Work to complete
The material below holds pictures, which are to be left out; copy exactly the lines from the one with "Proyectos de tecnolog" through the one with "Картинки красных длинных гипюровых платьев".

Record extracts
┄┄┄┄┄┄

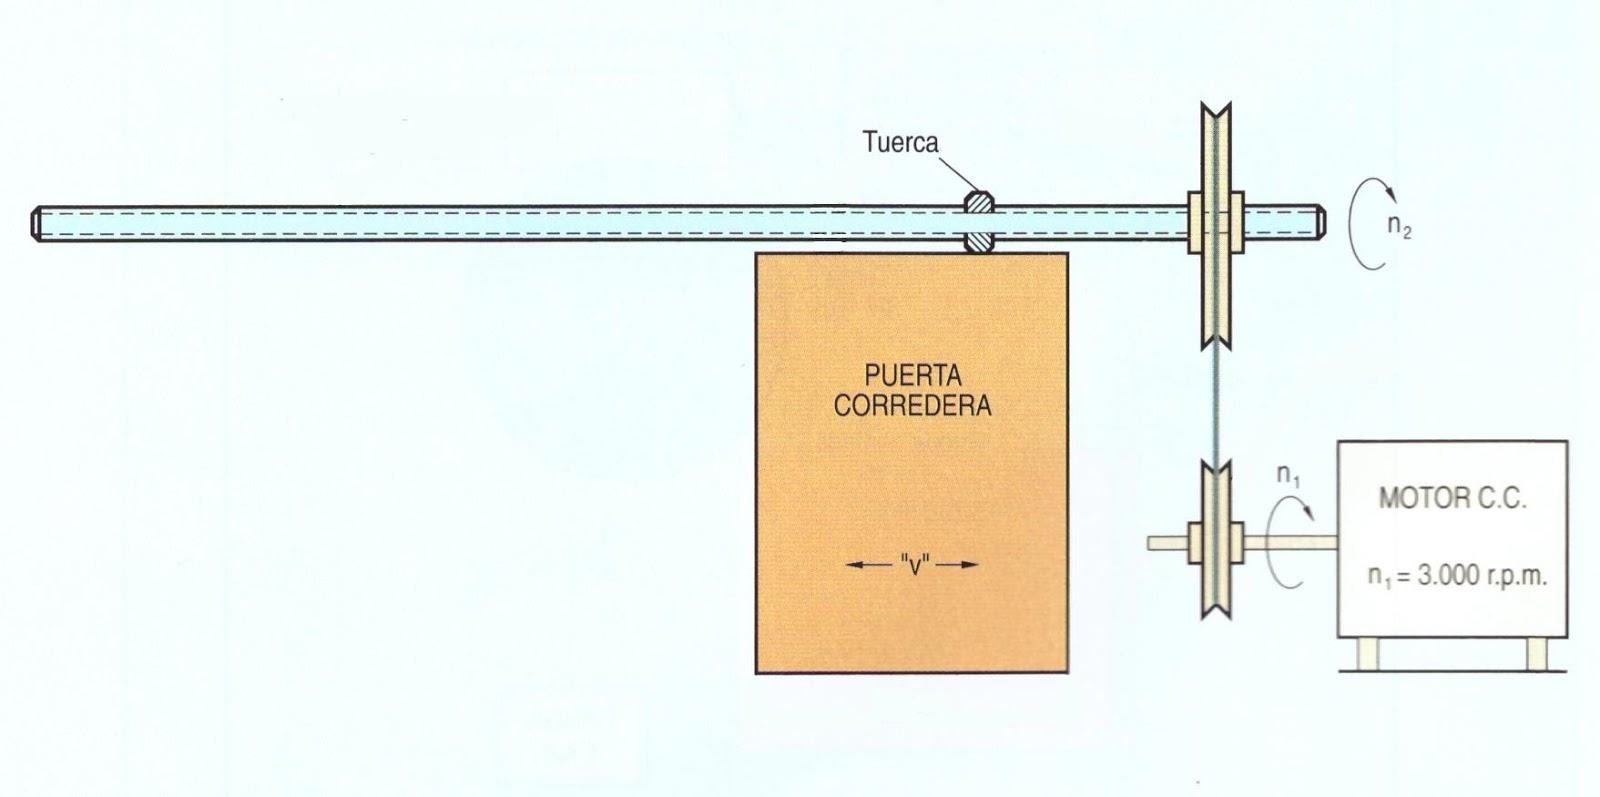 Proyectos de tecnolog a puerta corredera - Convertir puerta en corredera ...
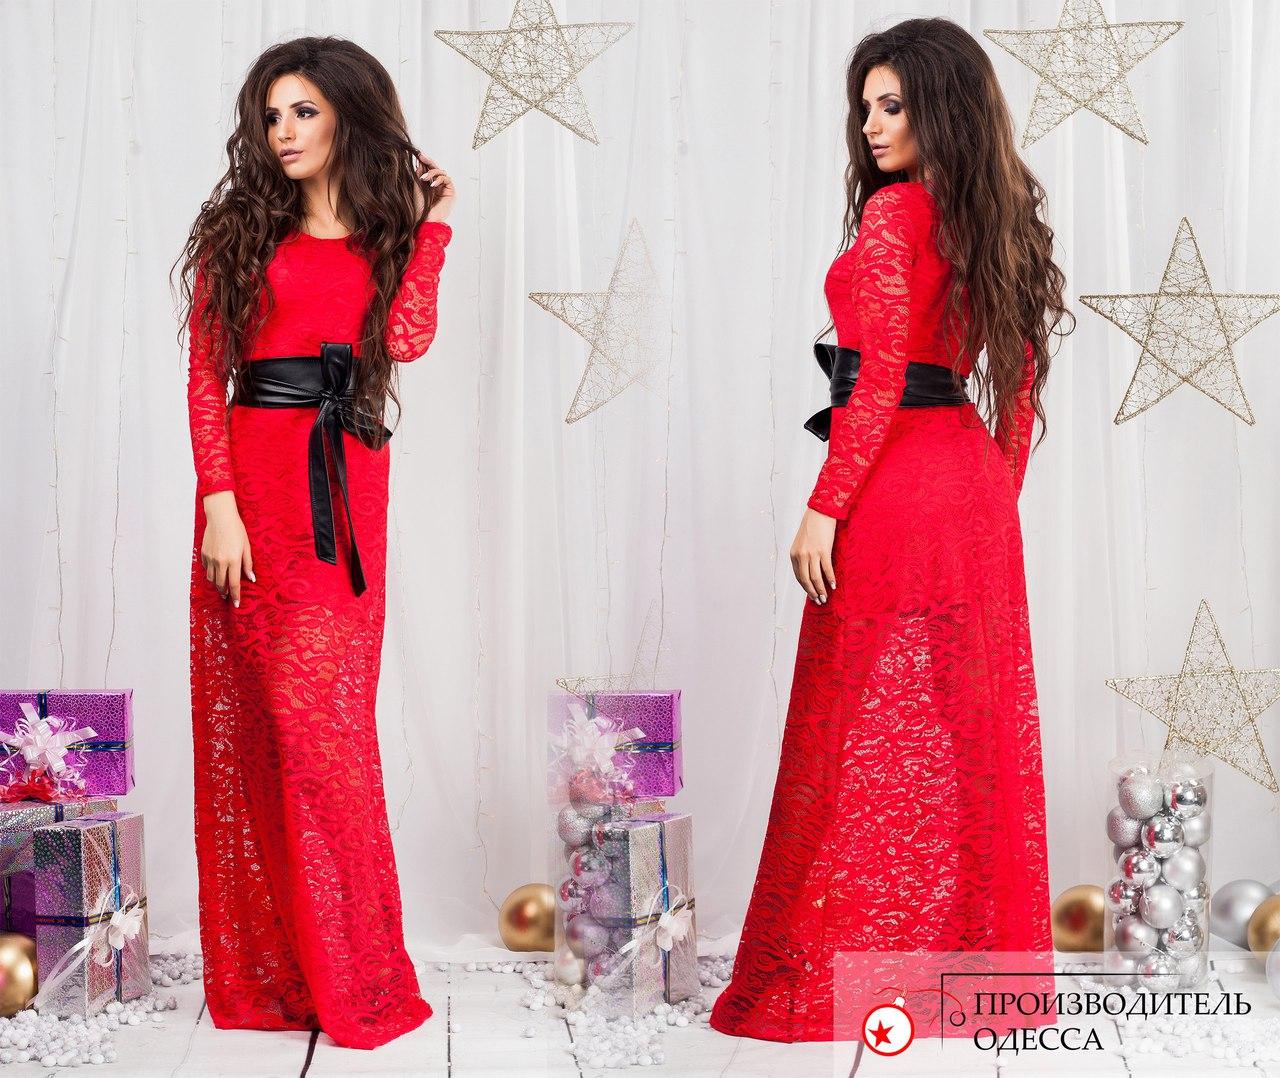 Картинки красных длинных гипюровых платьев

┄┄┄┄┄┄

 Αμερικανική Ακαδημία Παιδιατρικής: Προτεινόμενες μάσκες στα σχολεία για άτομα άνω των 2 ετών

┄┄┄┄┄┄

Expected answer
 Proyectos de tecnolog a puerta corredera - Convertir puerta en corredera ...
 Картинки красных длинных гипюровых платьев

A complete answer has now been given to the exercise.